Massive Flows Of New Refugees Flee Ecological Disaster

FOR most people, ''refugees'' means tattered masses fleeing war, religious persecution, repressive government, or some combination of these horrors. From Afghanistan to Rwanda to Guatemala they now total about 22 million people around the world, about twice as many as a decade ago.

But there is another category of persons forced to leave home that may be reaching even more staggering proportions, and it's just now getting the kind of attention it should.

These are ''environmental refugees,'' those uprooted because of soil erosion, deforestation, water shortages, desertification, and other conditions tied to land and its resources.
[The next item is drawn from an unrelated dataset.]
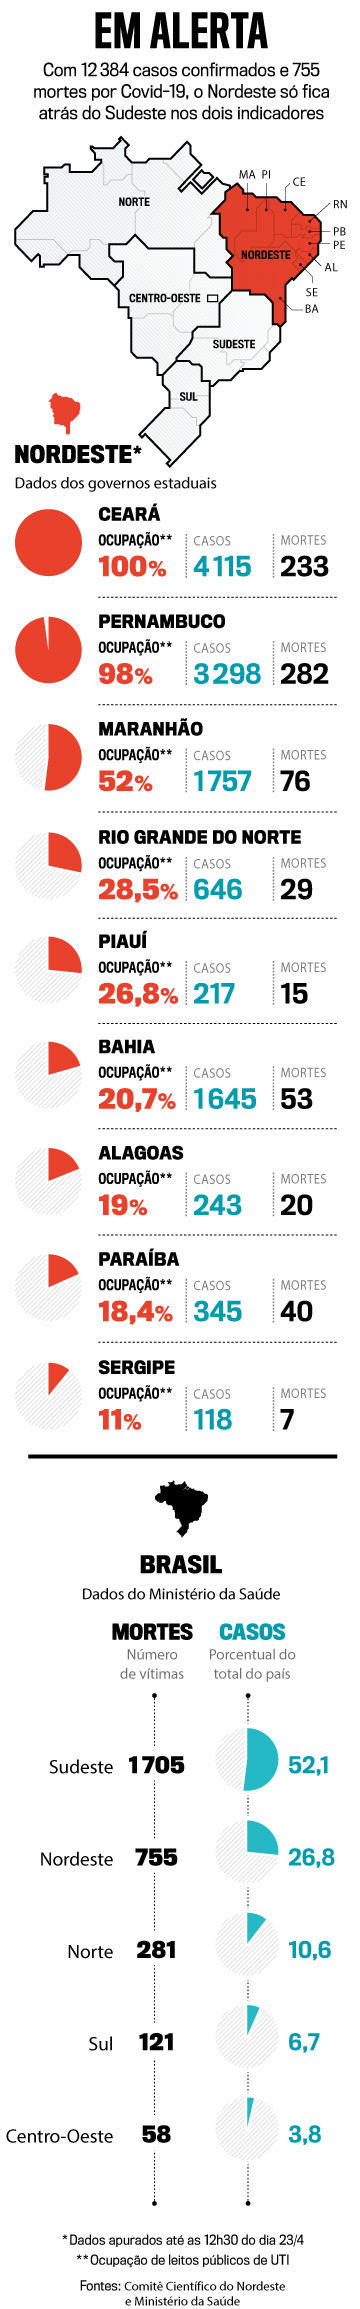 Imagem com informações em alerta do covid por estado brasileiro
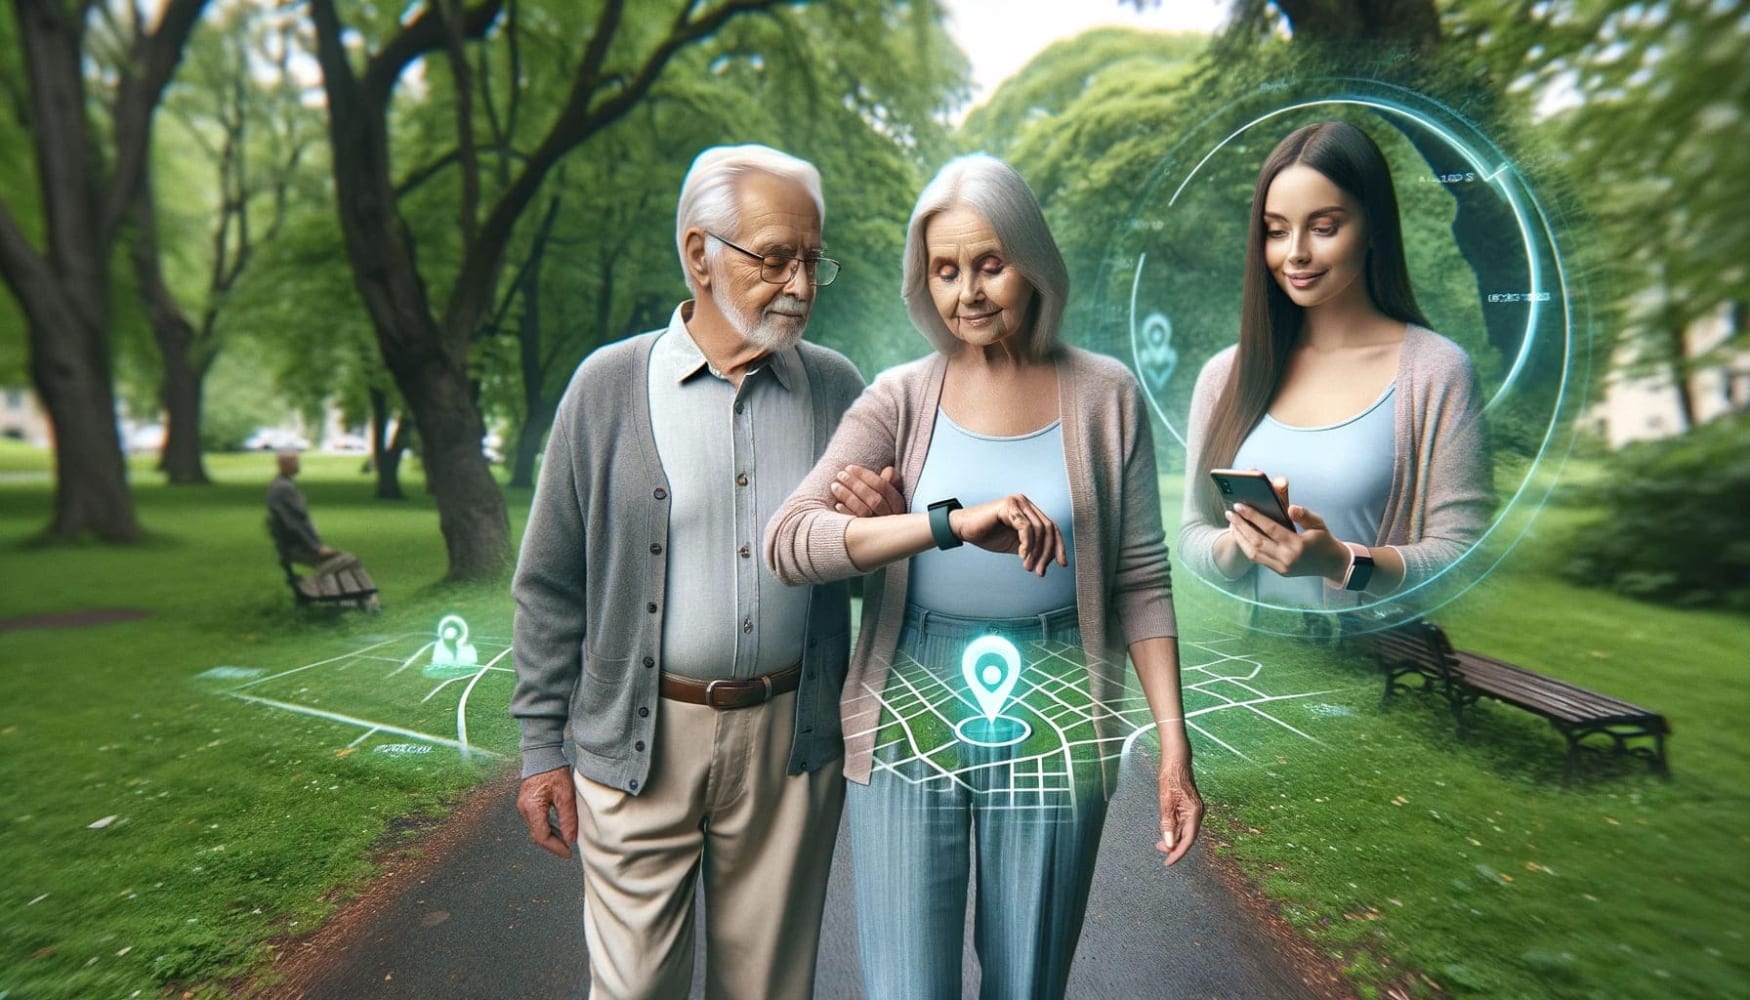 Um homem e uma mulher mais velhos, um ao lado do outro em uma calçada, olhando para seus relógios, árvores verdes ao redor e algumas grades de geolocalização, com uma garota à direita em um círculo olhando para seu telefone

And according to a new study by Norman Myers of Oxford and Cornell universities, the rapidly increasing number of these refugees - now 25 million, or more than the other traditional categories combined - could double over the next 15 years.

Dr. Myers's work is sponsored by the Climate Institute and supported by private foundations, the United Nations, and government agencies in the United States, Great Britain, and Sweden. It comes at a time when the better-off world seems to be suffering from a two-pronged attack of ''compassion fatigue'' and immigrant bashing. But to ignore or deny the troubling situation detailed here will only make matters worse.

The figures are numbing: Some 135 million people live in areas threatened with desertification, and 550 million face chronic water shortages. Of the 1.3 billion people who constitute the poorest in the world (average income of no more than $1 a day), some 70 percent live on marginal land unable to sustain agriculture.

And yet right up until they finally are forced to leave, these potential refugees continue to impact the landscape - with little alternative, since they have been bypassed by national or international development efforts and in essence have become marginalized themselves.

In a paper on refugees and migrants published last month, Hal Kane of the Worldwatch Institute writes on how this creates a cycle of poverty and environmental degradation: ''Felled trees ... no longer anchor soil, which washes away and clogs rivers, and the disrupted flows of water cause further soil erosion and disrupt harvests of fish. In rural areas where people directly depend on the soil and water and forests for sustenance, poverty is essentially an environmental trend.''

''These people are usually cash poor, yet so long as they are natural-resource rich, they can remain home and prosper,'' Mr. Kane continues. ''But when people flee poverty they are often fleeing environmental impoverishment - after the topsoil blew away or the well ran dry - in places without a rural economy that can offer them alternative sources of livelihood.''

As with the other things that drive people to become refugees, a worn-out environment usually comes in combination with some other problem. Like overpopulation, which continues to cause abuse of resources despite declining birth rates in some parts of the developing world. Or ethnic strife, which itself can be generated by diminishing resources.

Although solutions may not be easy, they are basic. Like expanding international population programs and redirecting foreign aid to the 1.3 billion poorest of the poor (who today receive far less than half of total aid).

Of course, leaders in developing countries themselves have an important role to play. But it's not something that can be dismissed by those of us fortunate enough to be able to stay put if we want to (and who have our own problems of overconsumption and the promotion of environmentally damaging development abroad to face up to).

Either we or our offspring will have to address the plight of environmental refugees.

The better-off world seems to be suffering from 'compassion fatigue' and immigrant bashing. But to ignore the situation makes matters worse.